* Problem details *
Starting at the line below with "浙商银行 logo图片 浙商 银行 品牌 logo 标志 商标 vi 标志图标 企业" and stopping at the line with "Alligator Season Starts this Week!", please print each line exactly, those two included, and skip every picture.

* Records supplied *
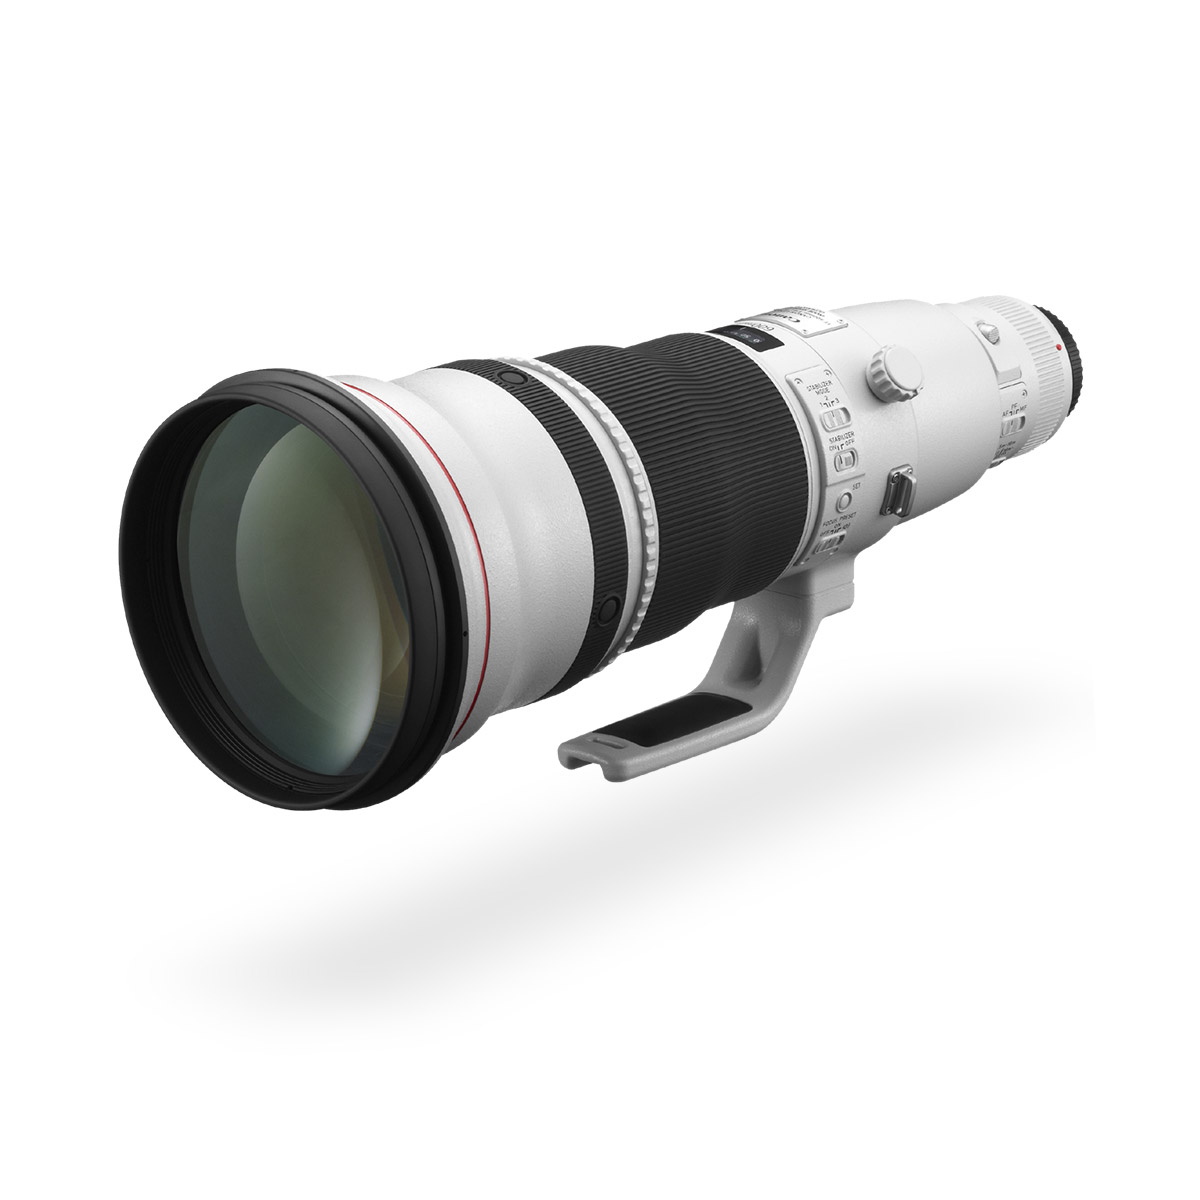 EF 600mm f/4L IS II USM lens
--
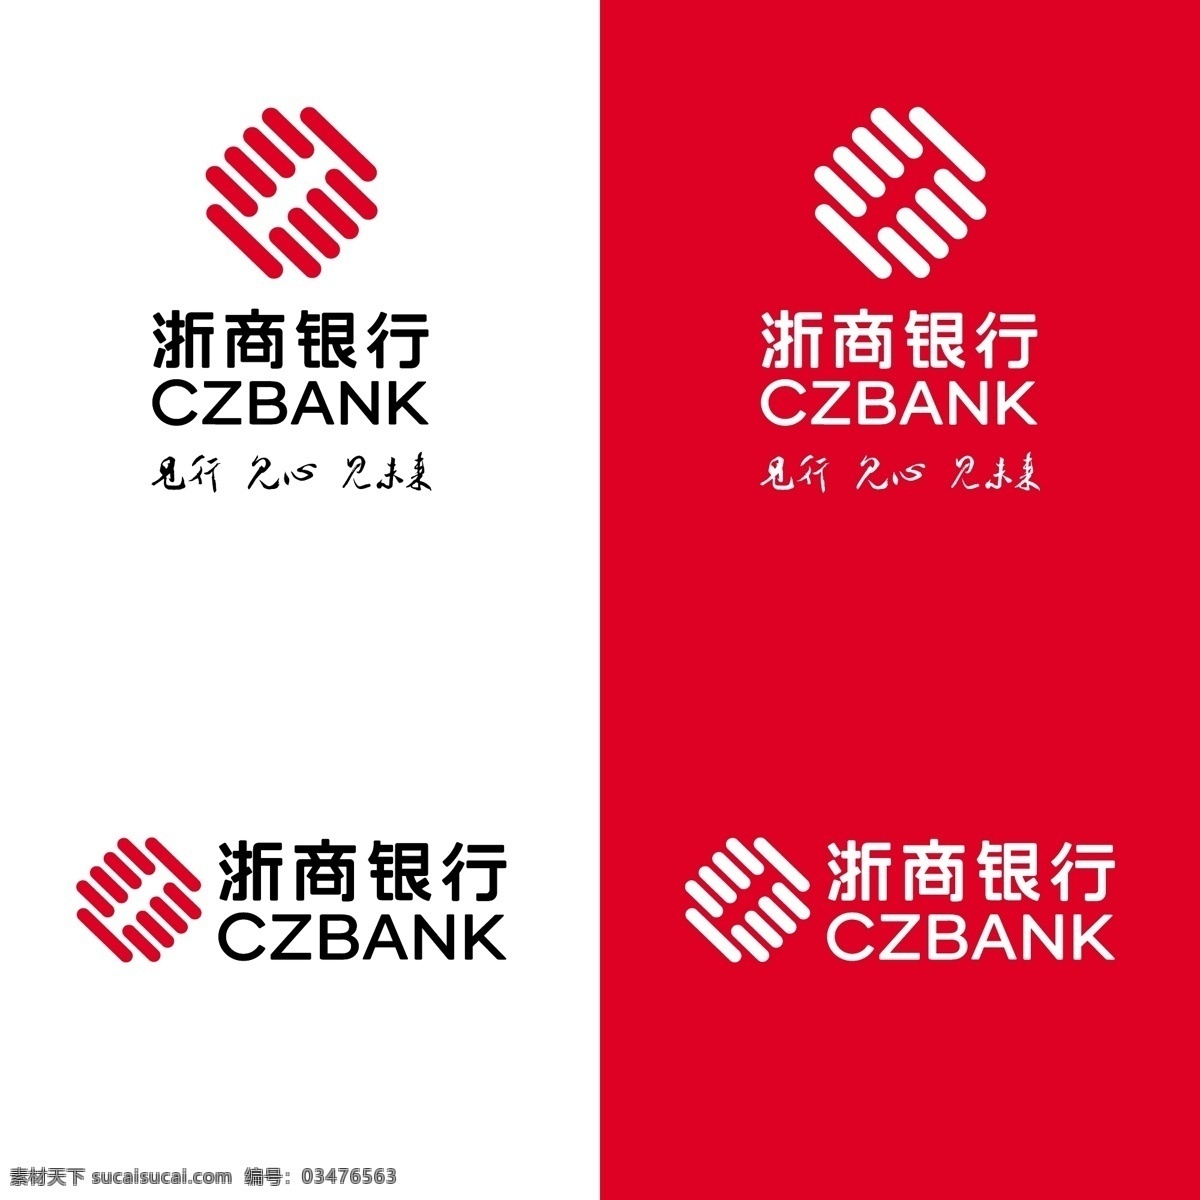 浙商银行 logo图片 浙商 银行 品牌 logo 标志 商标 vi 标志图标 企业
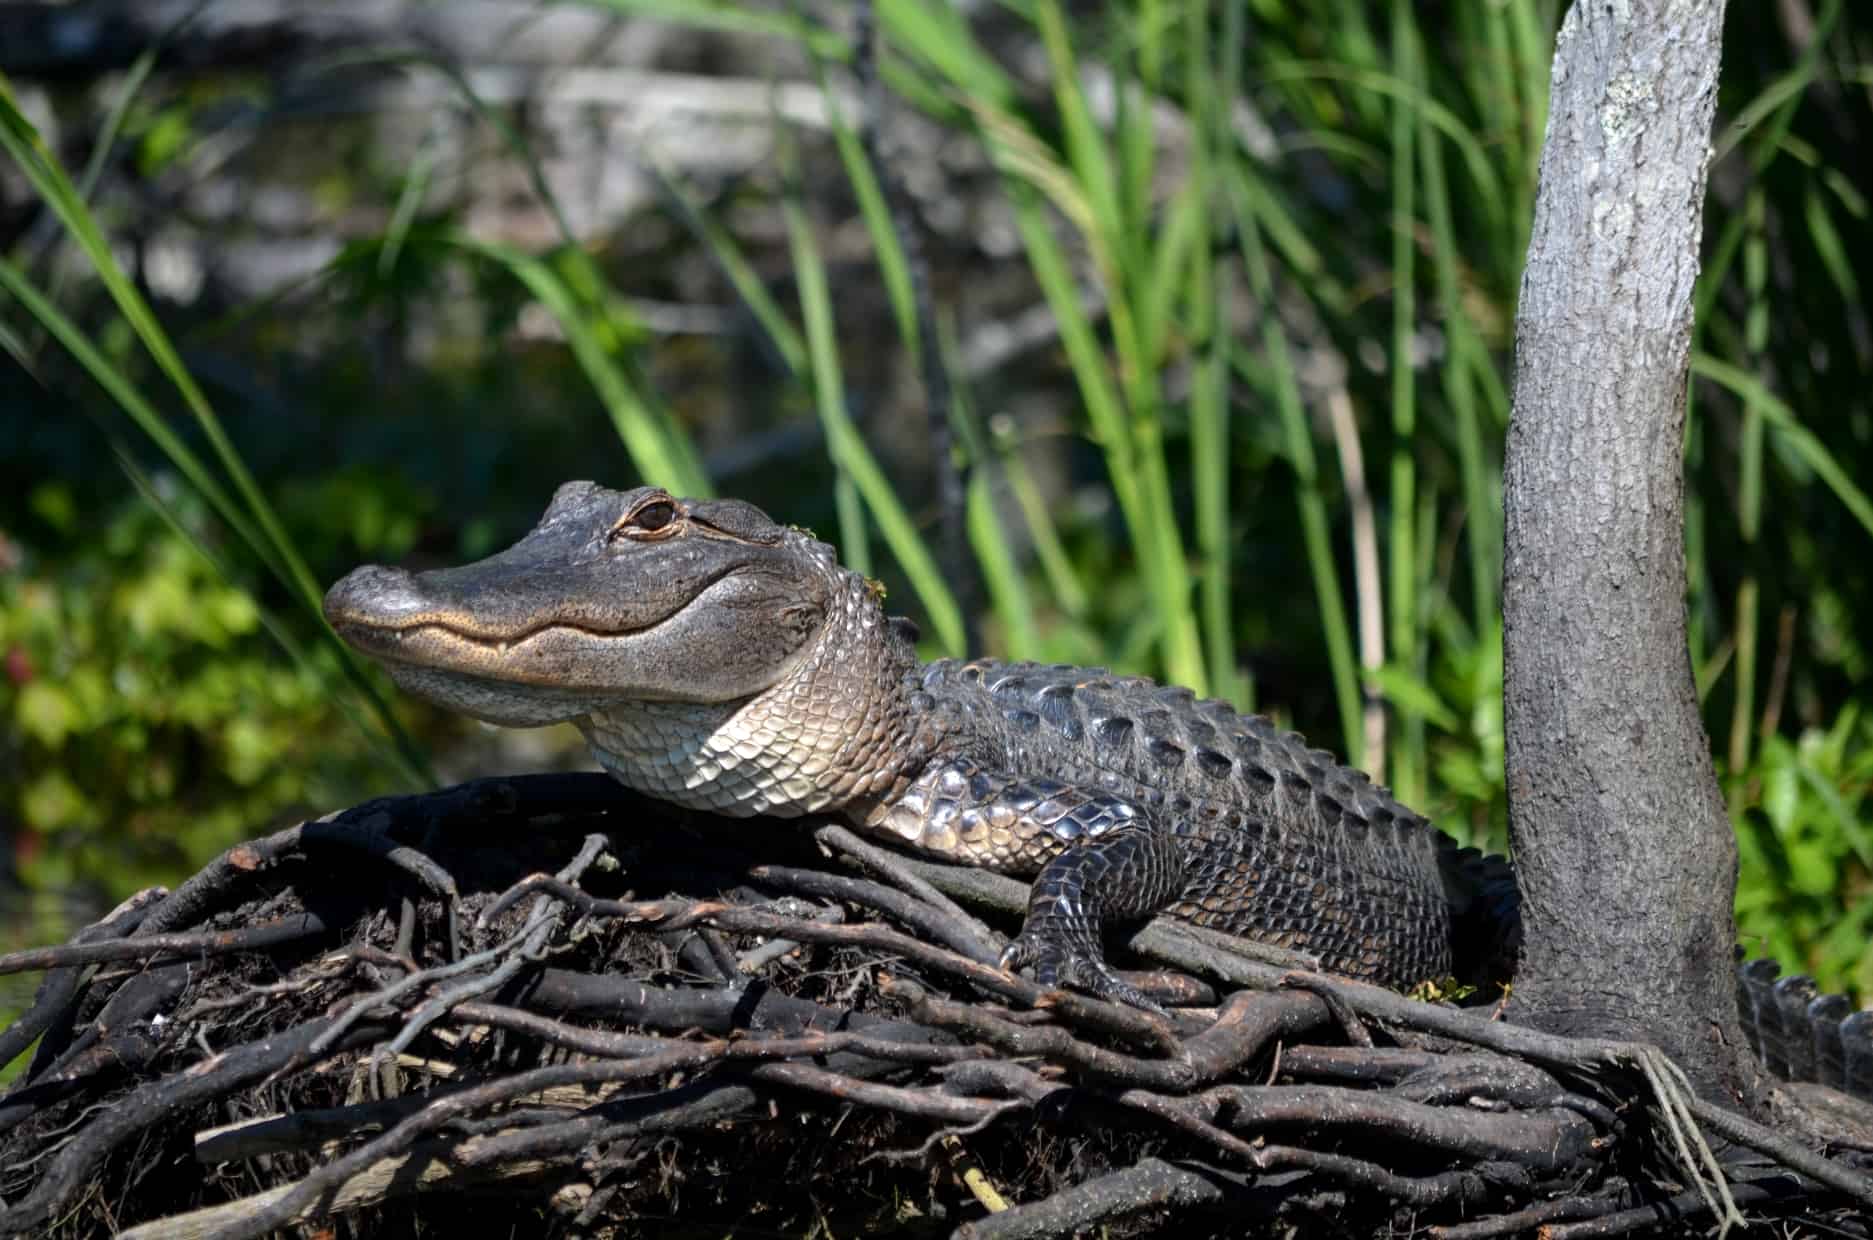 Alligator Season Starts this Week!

* Task output *
 浙商银行 logo图片 浙商 银行 品牌 logo 标志 商标 vi 标志图标 企业
 Alligator Season Starts this Week!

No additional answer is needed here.